The Morells: Shake and Push (1982) LP

The Morells
Shake and Push
Borrowed Records 3302  
1982
good shit *****

Classic set from Springfield, Missouri, very much in the NRBQ style (which of course goes back to the beginning of time, or at least back to the early 1950s).  These folks get a bit more silly than NRBQ, opening the set with three originals, starting with “Gettin’ in Shape” (“Here comes Betty / She’s so sweaty / I wish we were goin’ steady”).  To make sure this ain’t some stale neo-rockabilly museum music, they go into the Village People at the end of the song, enough to send some roots-rock purists to their graves where they belong.  After that, the band launches into a song about food (the subject of some of the best songs ever recorded), this one about Red’s, the cafe that graces the sleeve.  (“The only thing that’s French on the menu is fried.”)  After that flavorful cliché, they go into some obscure covers, a song about the beautiful thing about “Ugly & Slouchy” women, and another about “Growin’ a Beard,” concluding with the instrumental “Bumble Boogie.” 

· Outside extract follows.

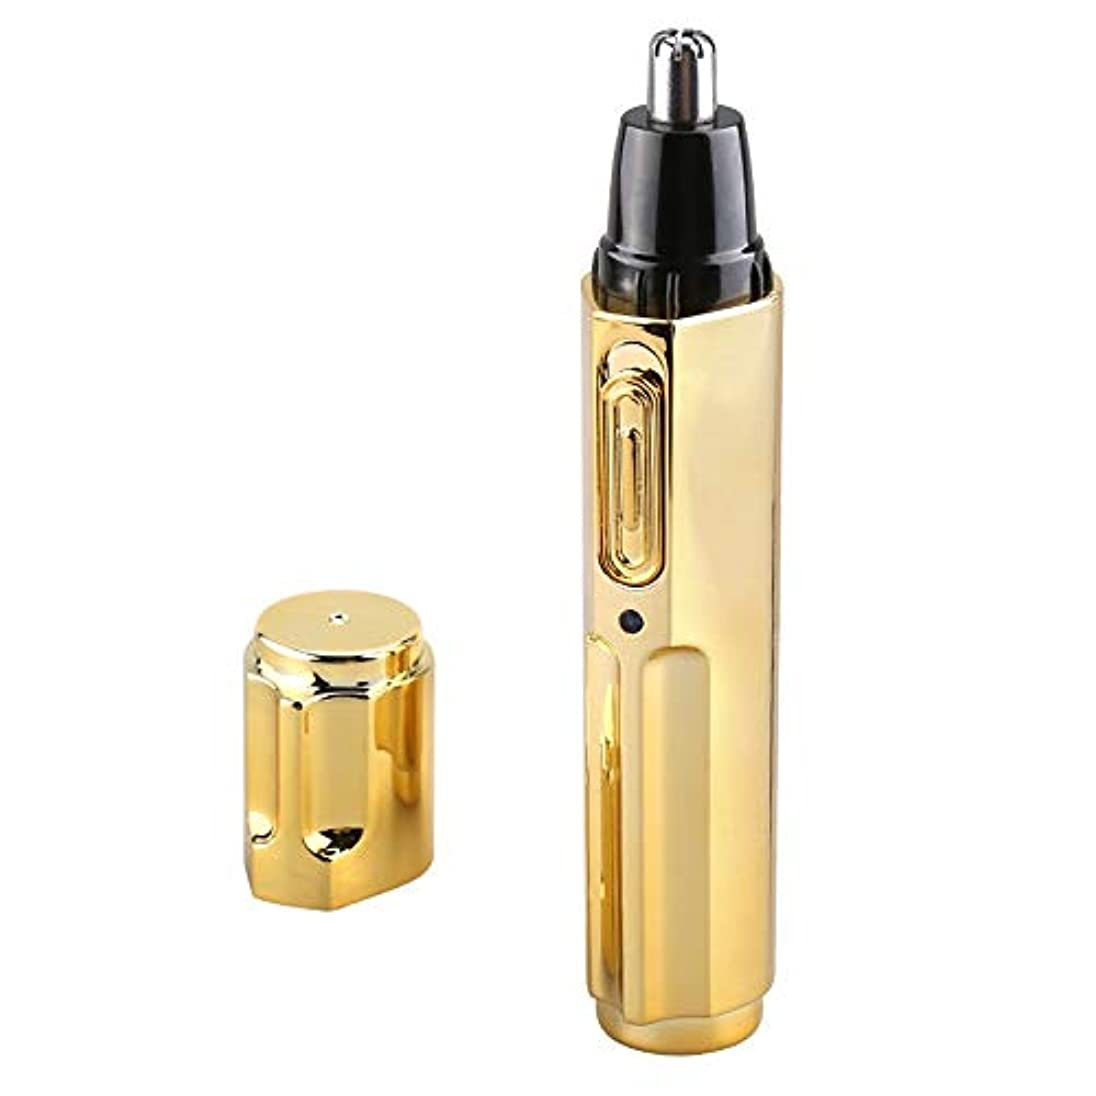 バター相手畝間鼻毛トリマー/充電式電動鼻毛トリマー/鼻孔クリーナー/ 13 * 2.8cm 持つ価値があります

The fun continues on side two, starting with Roy Montrell’s 1956 “That Mellow Saxophone,” (this version referring to “watching Columbo” as well as Davie Crockett) and continuing with the obscure covers till the end.  Lots of folks did this sort of thing but few did it as good.  Most groups usually picked hit songs that should have been left alone, tried too hard to sound retro and pretended to be from the South.  In contrast, these folks weren’t pretending.  They poke fun at their hometown, the “recording capital of Greene County,” but if you’ve been to this area, you know it’s the South.  And in the South, you had standards.  If you’re going to make a record, you better have a tight band and some good songs.  This set fits that bill.